The raw average FPS and synthetic scores are represented in the following table. In addition to the game scores, JPR includes its Pmark computation, which factors in the power and MSRP of the add-in boards.
|Asus TUF OC RTX 4070 Ti||RTX 3070 Ti||RTX 4080|
|4K Avg. FPS||83||55||106|
|1440p Avg. FPS||140||97||154|
|Synthetic Avg. scores||13,308||8,671||16,262|
The Asus TUF OC Edition of the RTX 4070 Ti performed remarkably well in the Pmark comparison. Overall, the RTX 4070 Ti led all other add-in boards in the Pmark calculation, besting the RTX 4080 by 32% and the RTX 3070 Ti by 7.5% on average.

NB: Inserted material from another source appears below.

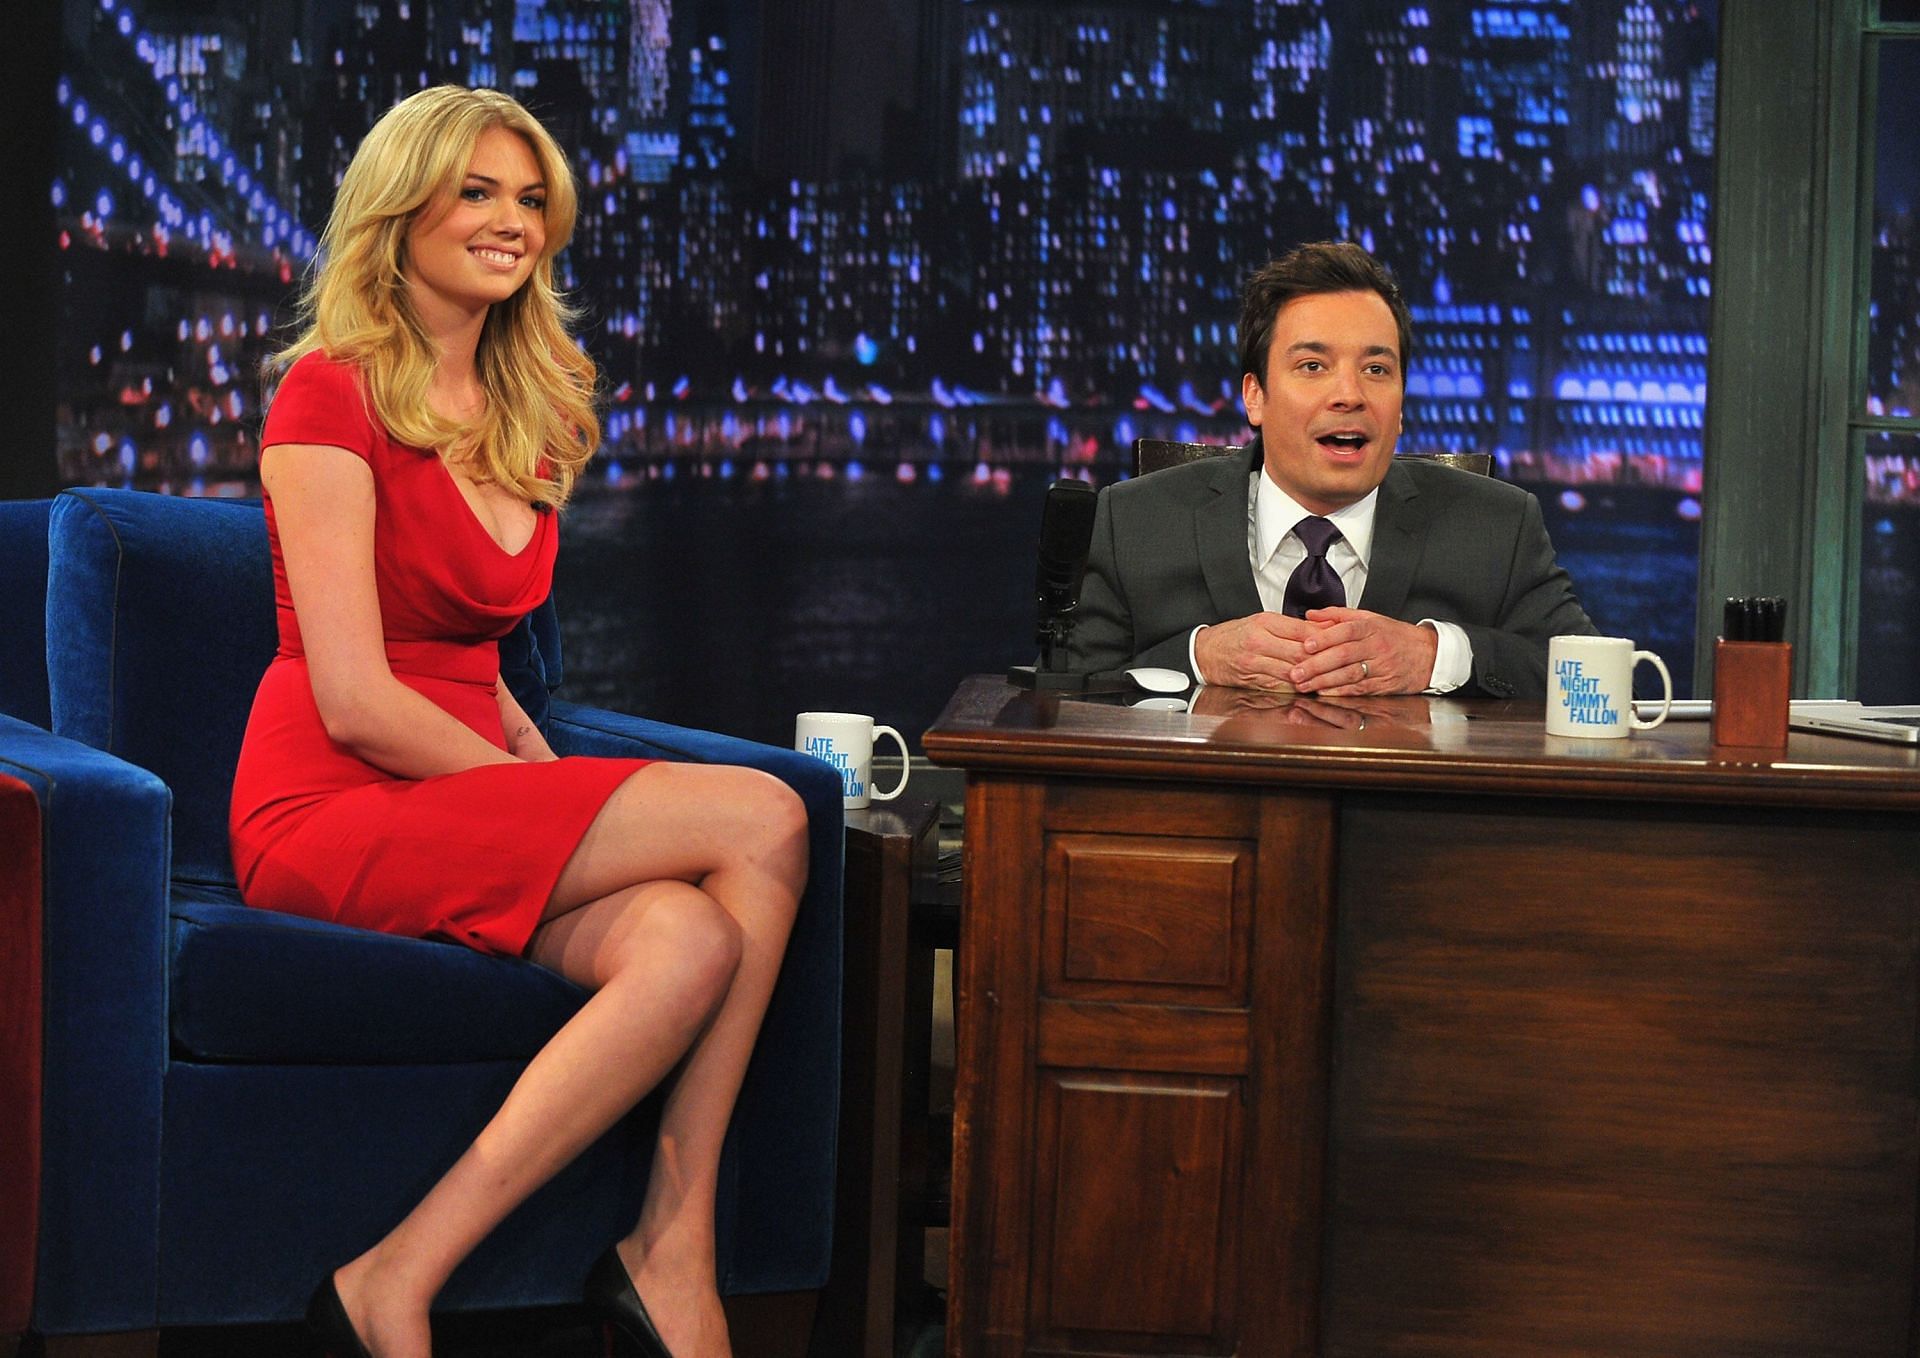 Kate Upton Visits &quot;Late Night With Jimmy Fallon&quot;

The RTX 4070 Ti price and relatively low wattage when compared to the RTX 3070 Ti and RTX 4080 give the add-in board an advantage in the Pmark, allowing it to score so well.
The price-performance comparison is displayed in the following chart.
The RTX 4070 Ti enjoys a 21% advantage over the RTX 4080 in price-performance.
What do we think?
The Asus TUF OC RTX 4070 Ti ranks best in price-performance. The new add-in board delivers high frame rates at a reasonable cost for a high-end board. The $850 price is not a trivial sum of money, but given the rise in prices of the high-end segment over the past few years, the $799 price point (suggested MSRP) is sensible given its performance in high resolutions.
The Lovelace series provides many advantages over Ampere. The Ada design delivers 40 Shader-TFLOPS, compared to 21.7 TFLOPS on the RTX 3070 Ti. Ada’s SM includes a new design, called shader execution reordering (SER), which reschedules work on the fly, providing up to a 200% speedup for the ray-tracing shaders.
If you are looking to upgrade to the 4000 series and do so at a reasonable price point, the Asus TUF OC RTX 4070 Ti is worth taking a hard look at.